4. Verify keytool access

In most cases Elasticsearch already includes its own JDK:

/usr/share/elasticsearch/jdk/bin/keytool -help >/dev/null

If keytool is not available:

apt-get update
apt-get install -y openjdk-17-jre-headless unzip

5. Extract the CA from http.p12

This step does not create the new HTTP certificate yet. It first exports the http_ca alias from the current http.p12 into a separate .p12 file:

cd /etc/elasticsearch/certs
/usr/share/elasticsearch/jdk/bin/keytool -importkeystore \
  -srckeystore http.p12 \
  -destkeystore http_ca.p12 \
  -srcalias http_ca

When prompted:

• Source keystore password: password from step 1
• Destination keystore password: password from step 1

6. Generate a new HTTP certificate

cd /usr/share/elasticsearch
./bin/elasticsearch-certutil http

Use these answers:

• Generate a CSR? -> n
• Use an existing CA? -> y
• CA path -> /etc/elasticsearch/certs/http_ca.p12
• CA password -> password from step 1
• Validity period -> for example 5y
• Generate a certificate per node? -> n

Because this guide updates one node at a time, use n here.

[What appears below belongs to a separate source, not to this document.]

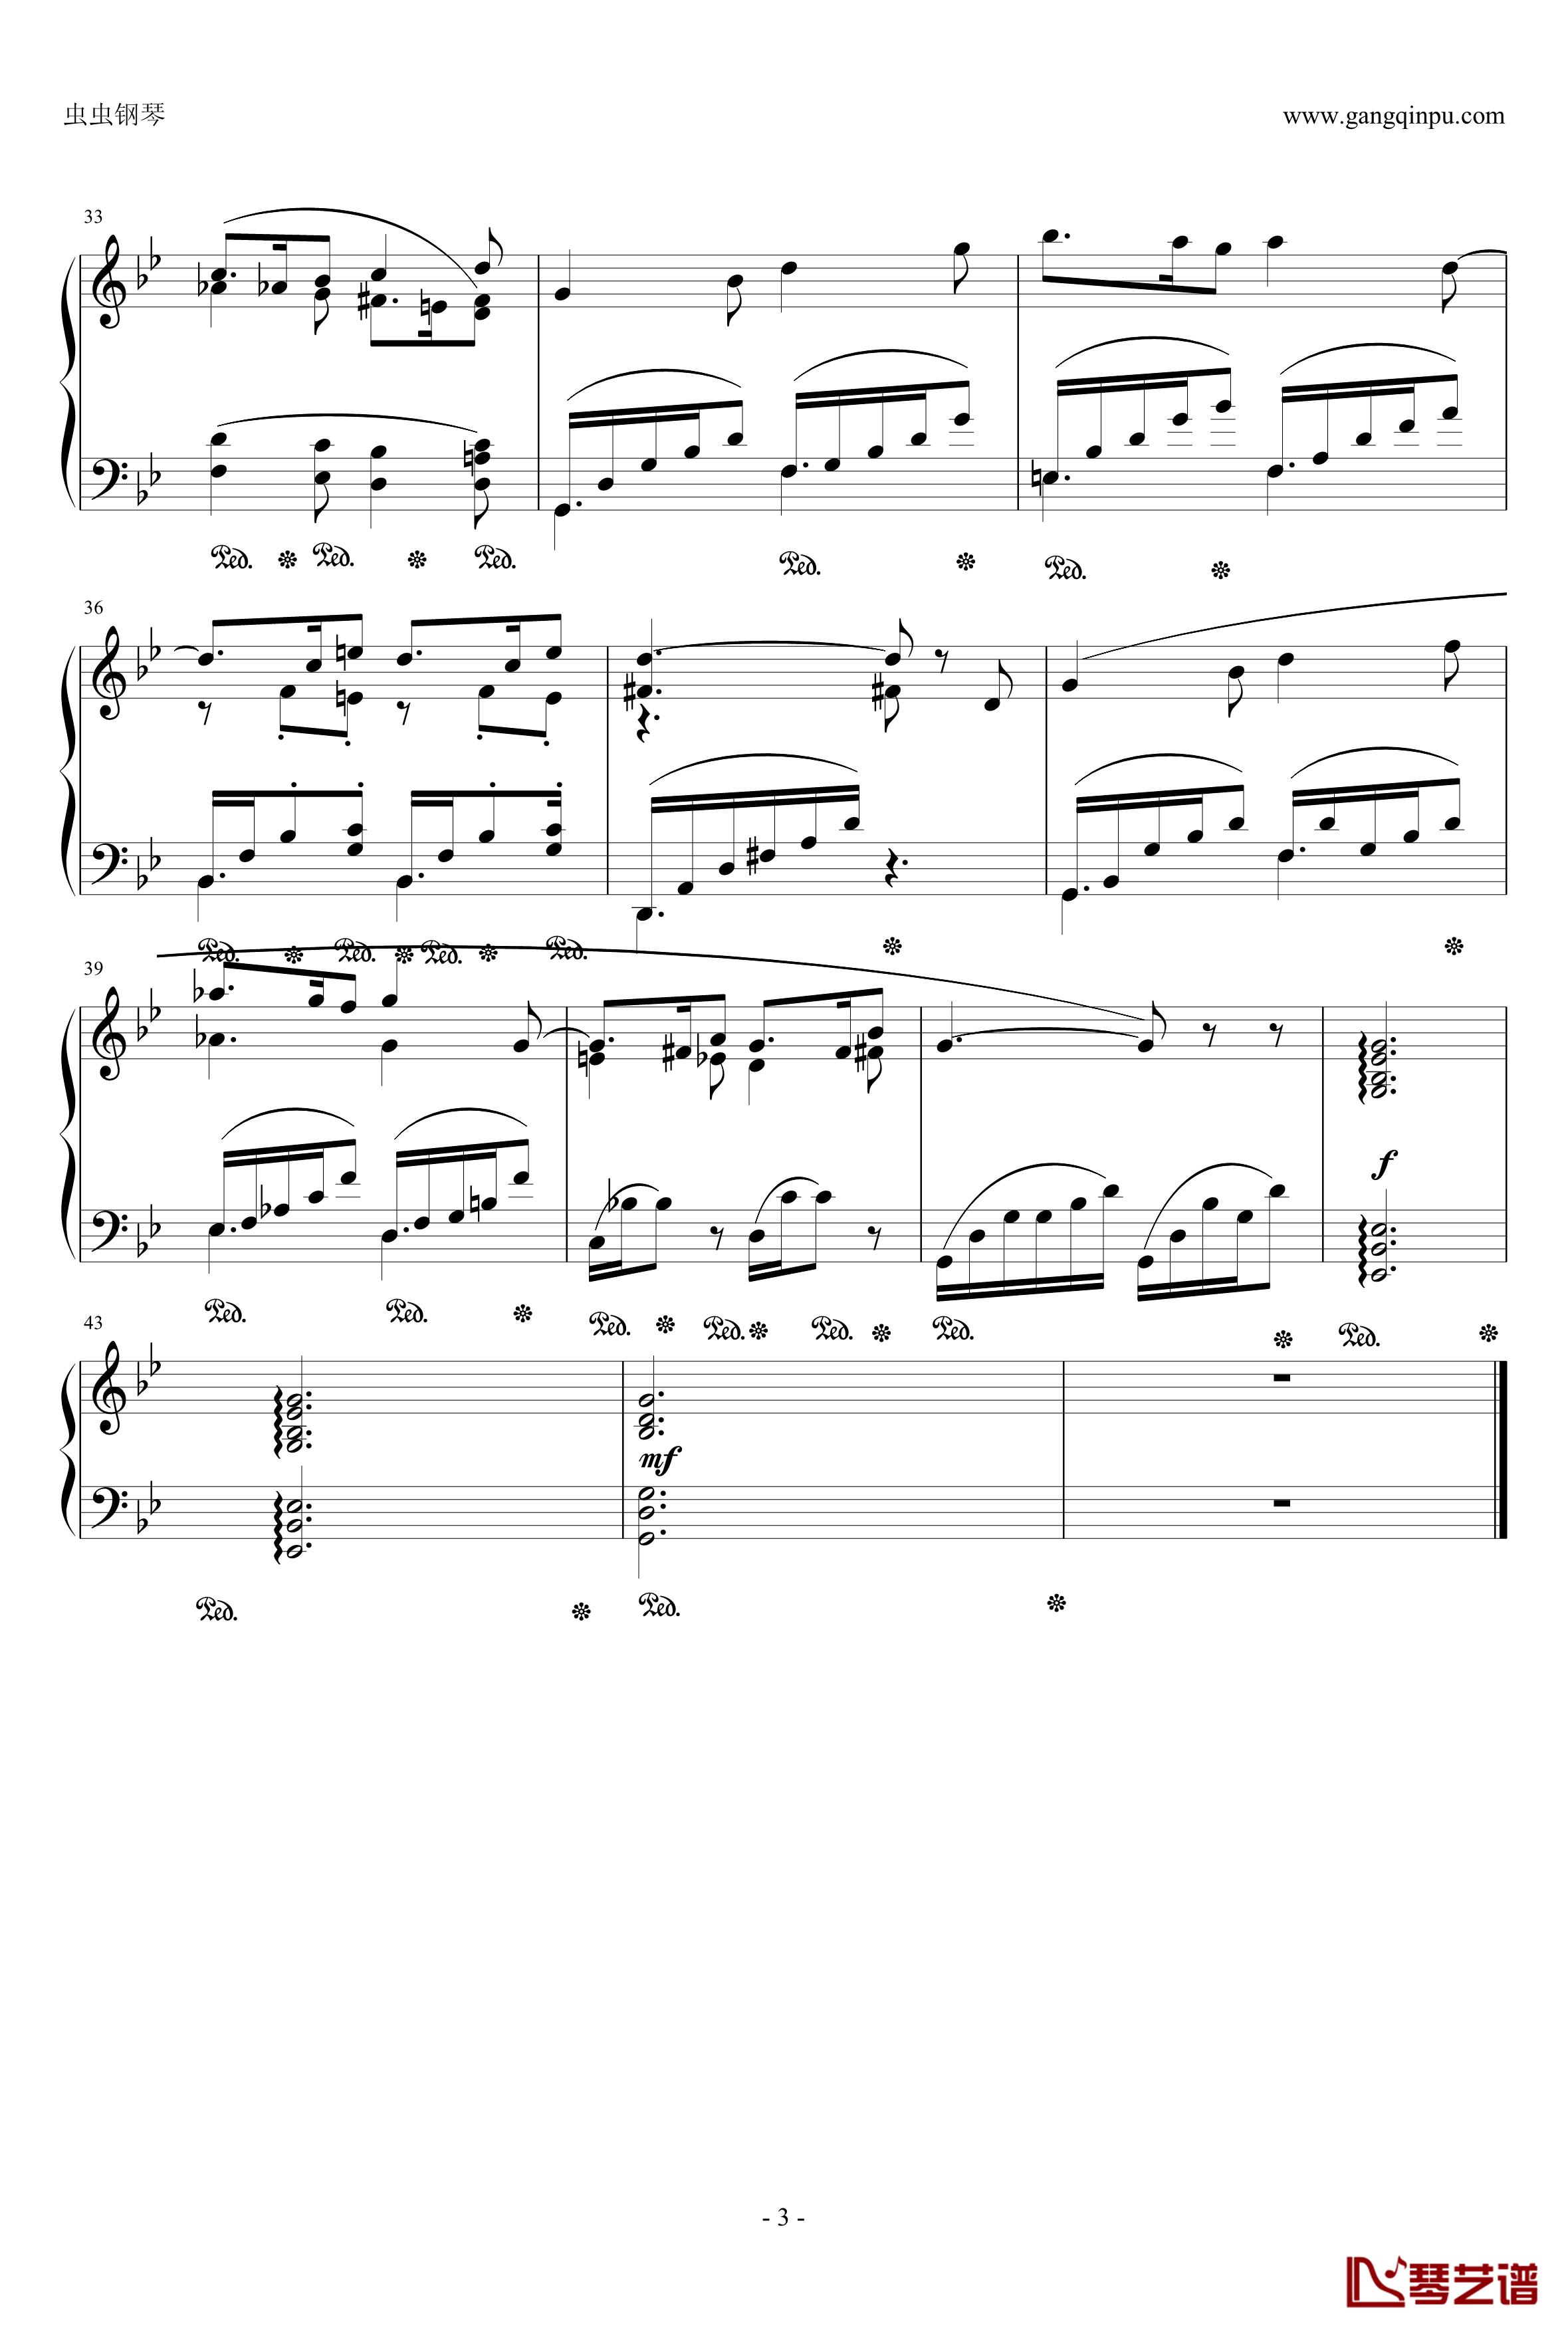 西西里舞曲钢琴谱-福莱3
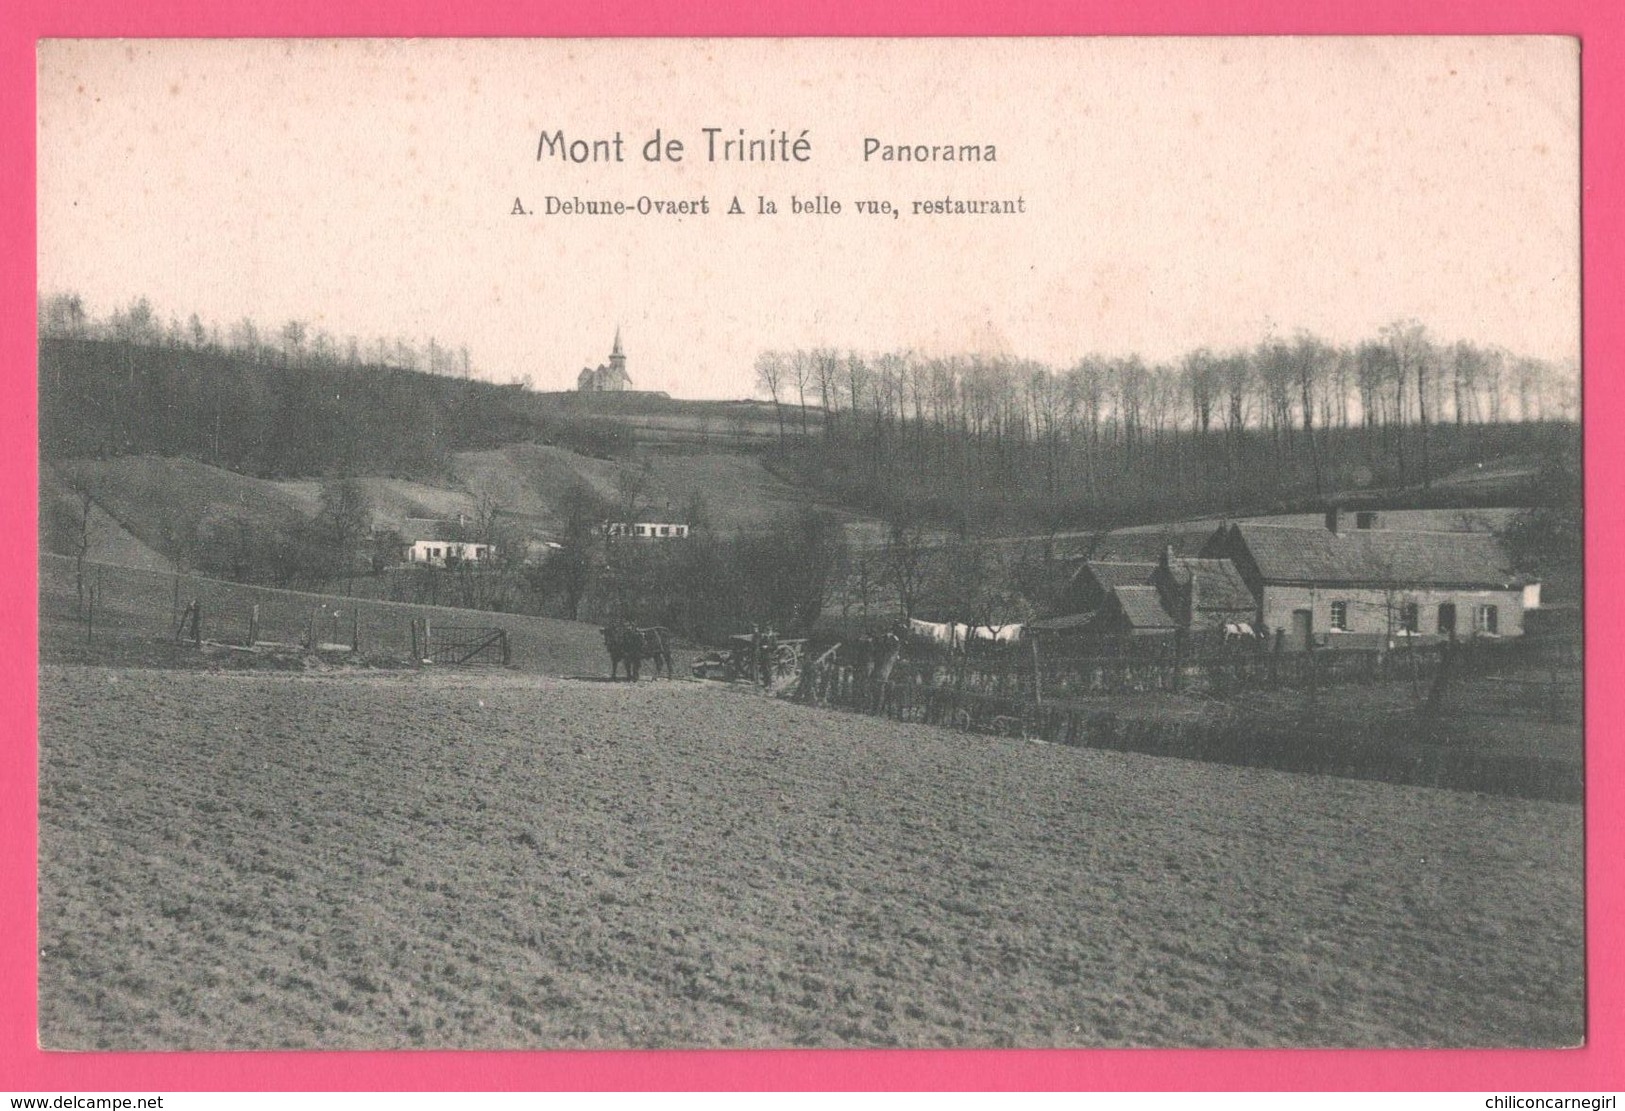 Mont De La Trinité - Panorama - Restaurant " A La Belle Vue " A. DEBUNE OVAERT - Edit. WILHELM HOFFMANN - Doornik

For hostname / DNS values, enter:

• elasticsearch
• localhost
• <vm-hostname>

Then answer Y to Is this correct [Y/n].

For IP values, enter:

• <vm-private-ip>
• 127.0.0.1

Then answer:

• Do you wish to change any of these options? [y/N] -> N
• Private key / keystore password -> password from step 1

At the end, the command creates a .zip file.

7. Unzip the output file

mkdir -p /tmp/es-http-cert-update
unzip elasticsearch-ssl-http.zip -d /tmp/es-http-cert-update

The new file is usually here:

/tmp/es-http-cert-update/elasticsearch/http.p12

8. Replace the old http.p12

First confirm that the file exists:

ls -l /tmp/es-http-cert-update/elasticsearch/http.p12

Then copy it over the old file:

cp /tmp/es-http-cert-update/elasticsearch/http.p12 /etc/elasticsearch/certs/http.p12

Fix ownership and permissions:

chown elasticsearch:elasticsearch /etc/elasticsearch/certs/http.p12
chmod 750 /etc/elasticsearch/certs/http.p12

9. Restart Elasticsearch

systemctl restart elasticsearch

Optional status check:

systemctl status elasticsearch --no-pager

10. Verify service and cluster health

Check local HTTPS access:

curl --cacert /etc/elasticsearch/certs/http_ca.crt \
  -u elastic:<elastic-password> \
  https://localhost:9200/_cluster/health?pretty

Check the new certificate end date again:

openssl pkcs12 -in /etc/elasticsearch/certs/http.p12 -clcerts -nokeys | openssl x509 -noout -enddate

Short Operation Summary

Repeat this flow for each node:

1. Check certificate dates.
2. Back up the certs directory.
3. Create http_ca.p12.
4. Generate a new http.p12.
5. Replace the old file.
6. Restart Elasticsearch.
7. Verify with curl.
8. Move to the next node.

Things To Watch

• Do not use this method if http_ca.crt is expired.
• Do not restart multiple nodes at the same time.
• This procedure does not change transport.p12.
• The new file name must stay http.p12.
• If you change the password, you must also update the secure setting in the Elasticsearch keystore.